Wanting my friend to come back.
Missing a brother.
Longing to have him back.
Angry at cancer.
Stoked he knew Jesus.
Praying for healing.
Wanting people to meet Jesus because of Ramon Vidaurri’s life of obedience to his Savior and ultimate Healer.
Creation. Fall. Redemption. Restoration. These are the four acts of Scripture we find. Creation and Fall have come and gone. Jesus has come, so has Redemption. Now we live in between Redemption and Restoration.
The Now and Not Yet.
Without these two theological concepts I’ve listed above I don’t know how I’d be able to get through life right now. My soul is heavy. My heart hurts. My mind is weary. My body is going through the motions.
I am still in shock this is happening. He’s too young. He’s my brother. They’ve only been married for seven months - it’s not long enough. I was in their wedding. We’ve walked through life together. I saw them the night he proposed almost a year ago. Even before this incident it has been a long year - now it has been a really long year.
The Now and Not Yet - the world we live in - the world of the in between.
This is the world where pain, suffering, brokeness, sin, death and evil exists. Inside this world, cancer exists. It fills and surrounds. It brings strong men to fall on their faces. It brings their community to their knees.
Here. Now. All. Around.
The wolf shall dwell with the lamb,
and the leopard shall lie down with the young goat,
and the calf and the lion and the fattened calf together;
and a little child shall lead them.
The cow and the bear shall graze;
their young shall lie down together;
and the lion shall eat straw like the ox.
The nursing child shall play over the hole of the cobra,
and the weaned child shall put his hand on the adder’s den.
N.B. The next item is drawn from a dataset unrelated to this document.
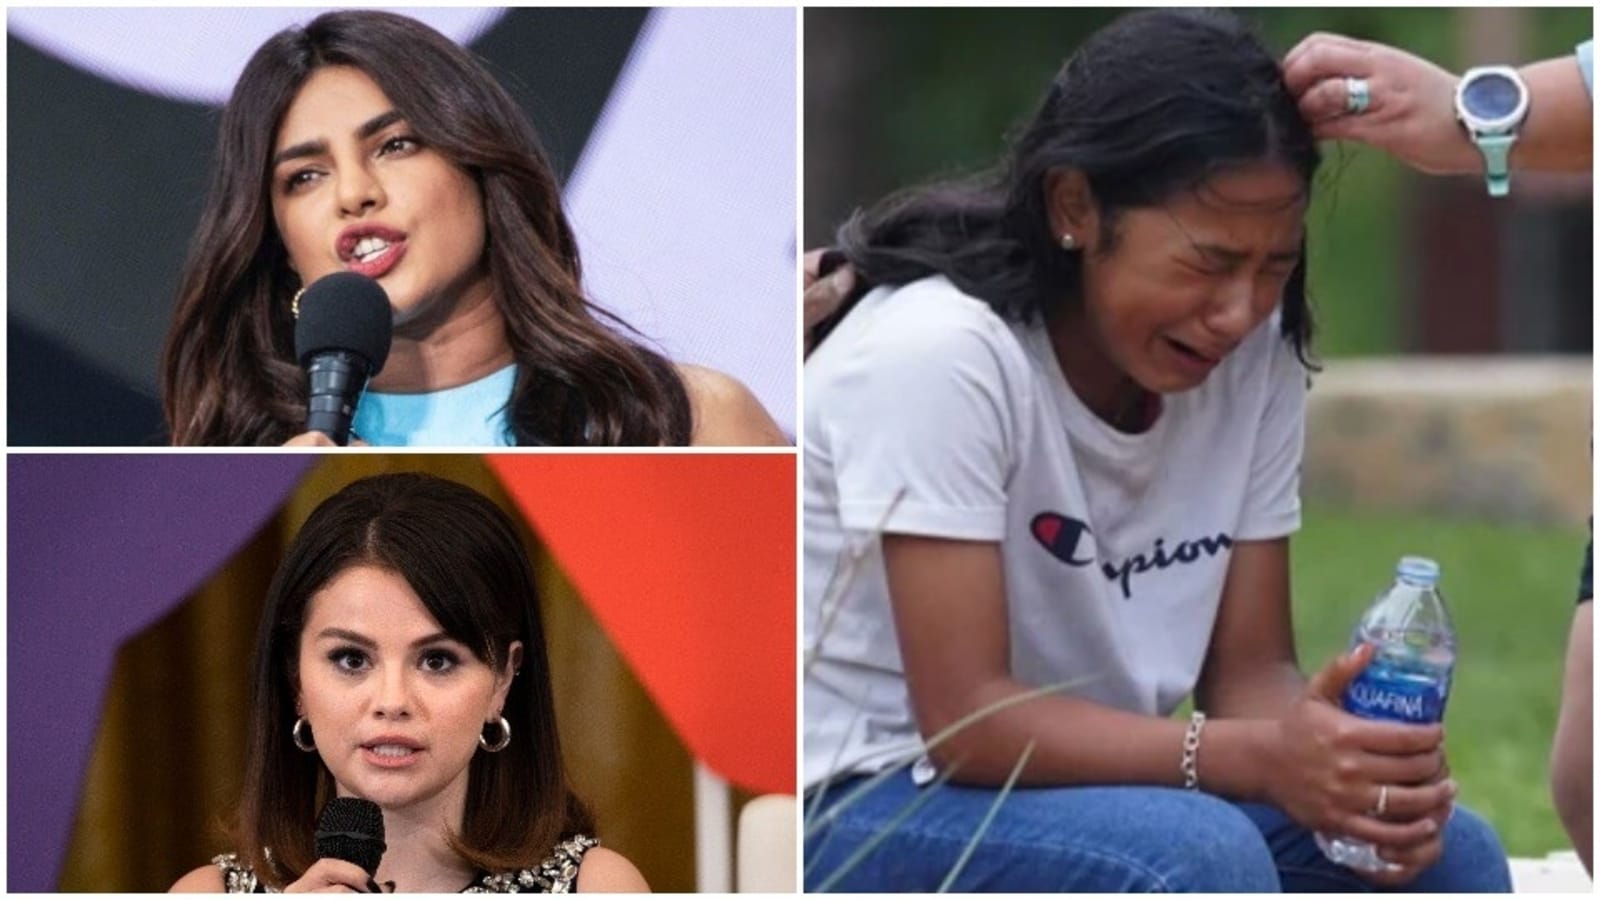 Texas shooting: Priyanka Chopra says condolences aren't enough, Selena Gomez frustrated at the horror in her home state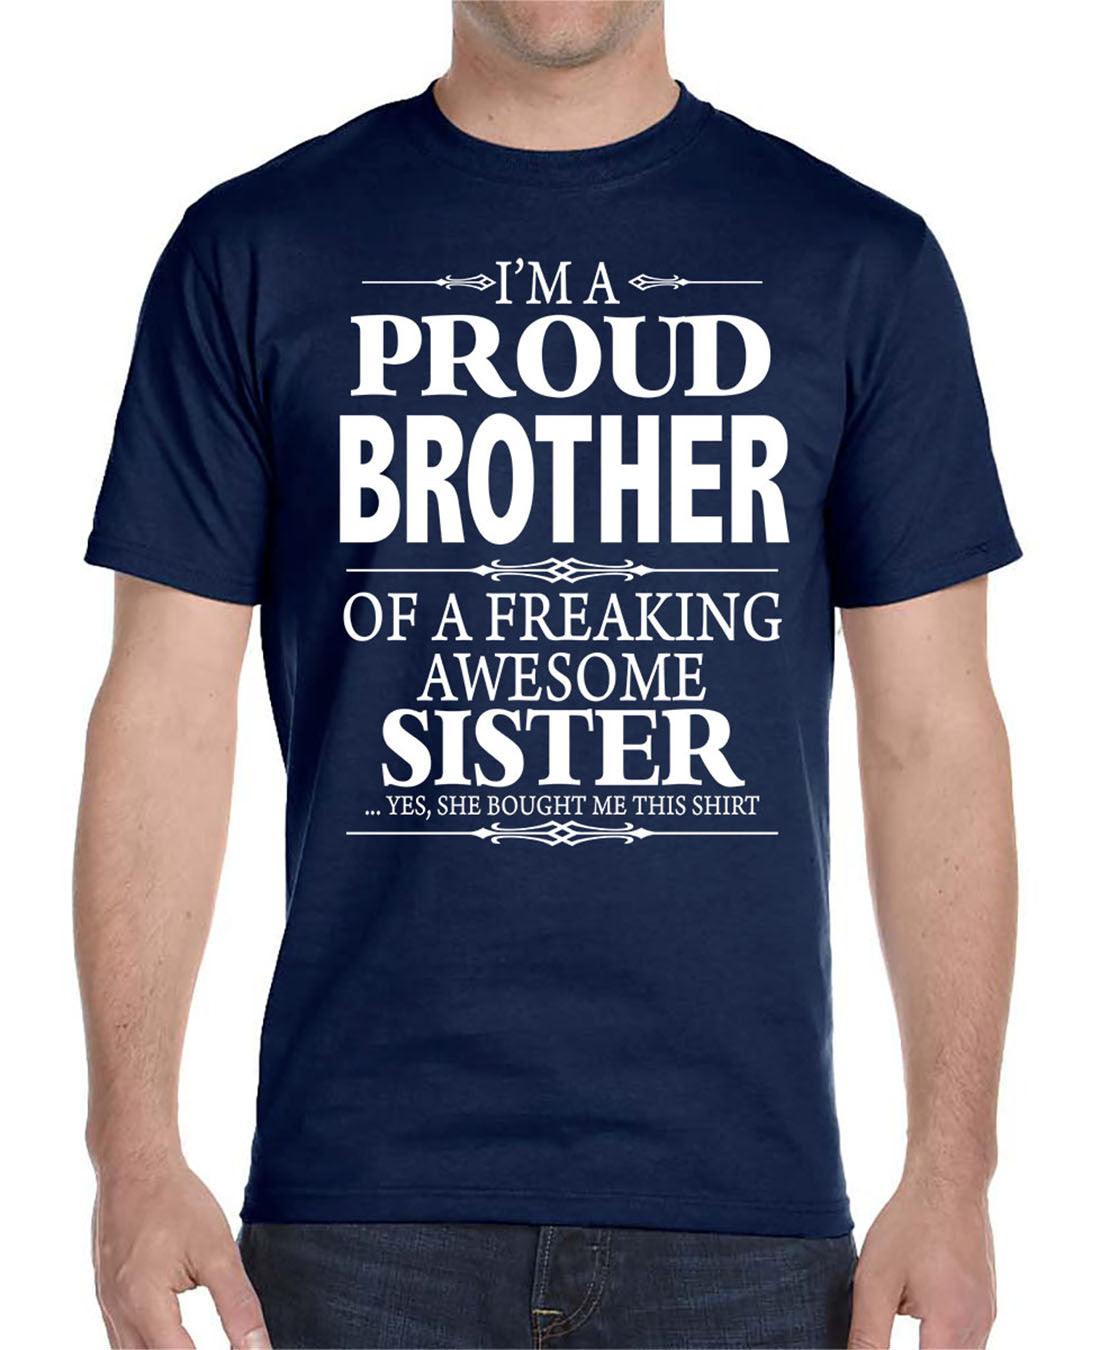 I'm A Proud Brother Of A Freaking Awesome Sister - Unisex T-Shirt Brother Shirt

They shall not hurt or destroy
in all my holy mountain;
for the earth shall be full of the knowledge of the LORD
as the waters cover the sea.
(Isaiah 11:6-9 ESV)
We don’t live in this world. Yet, that’s the one I long to live in. I long for Restoration to come. The Kingdom is here, but it is not. Jesus has come; cancer has been beaten; yet, it still exists.
Kingdom please come. Jesus, please bring healing to my brother.
Holy Spirit bring our Father glory.
I haven’t needed Sunday to be here this badly in a really, really long time. This past week has been painful. It is has been hard. It has been trying. It has been long. It has been a week I largely want to forget. If I could, it would never have happened.
This thought is not how life works.
These are weeks God uses to do things in my soul - I guess I should be grateful.
Monday night hit and I knew it was going to be a bad week. I had that feeling. A final was looming on Wednesday and that always makes things gloomy. However, my Sunday last week got to a worse start - but at the time no one knew how bad it really was - until Monday.
As it turns out now, one of my best friends, a man whose wedding I was in back in May, has a tumor behind his left eye. Right now, it appears the best case scenario is that he’ll lose his left eye. They fear it may be already inside his brain. They fear it may be cancerous. This will change his life forever. It will change his marriage forever. It will change me forever.
He was married in May.
I was in his wedding.
He is a brother. His wife is a sister. Now, this?
I haven’t cried yet - I really want to - but I have told myself I won’t cry til I know more of the fate.
I get to see him and his wife tomorrow. I will pray for healing. I will pray for them. I will mourn with them. I will hopefully, be a harbinger of Jesus to them.
They need prayer. Pray for my brother Ramon. Pray for healing. Pray for miraculous healing. Pray for my sister Allison. For strength and wisdom. Pray for the doctors. Pray for me.
Oh ya, this week, I had to take a final without studying for it because of the stomach flu. Yet, it’s funny how life allows you to keep the little things in perspective…
Sunday, thank you for coming. I need a new week.
Sunday, thank you for coming. I need to hang out with the saints at RockHarbor Fullerton.
I love my church. Is that a hip or cool thing to say any more? I love my local expression of the Kingdom of God, here on earth, that is my community and family of God. I love it.
Tonight, was one of those moments where being inside a community you love just overwhelms your soul with the way God works.
My weekend has been marked by remembrance and celebration. It has been one of contemplation, reflection and thanksgiving. After all, celebrating God saving your physical life, five years prior, is something that just radiates peace and gratefulness.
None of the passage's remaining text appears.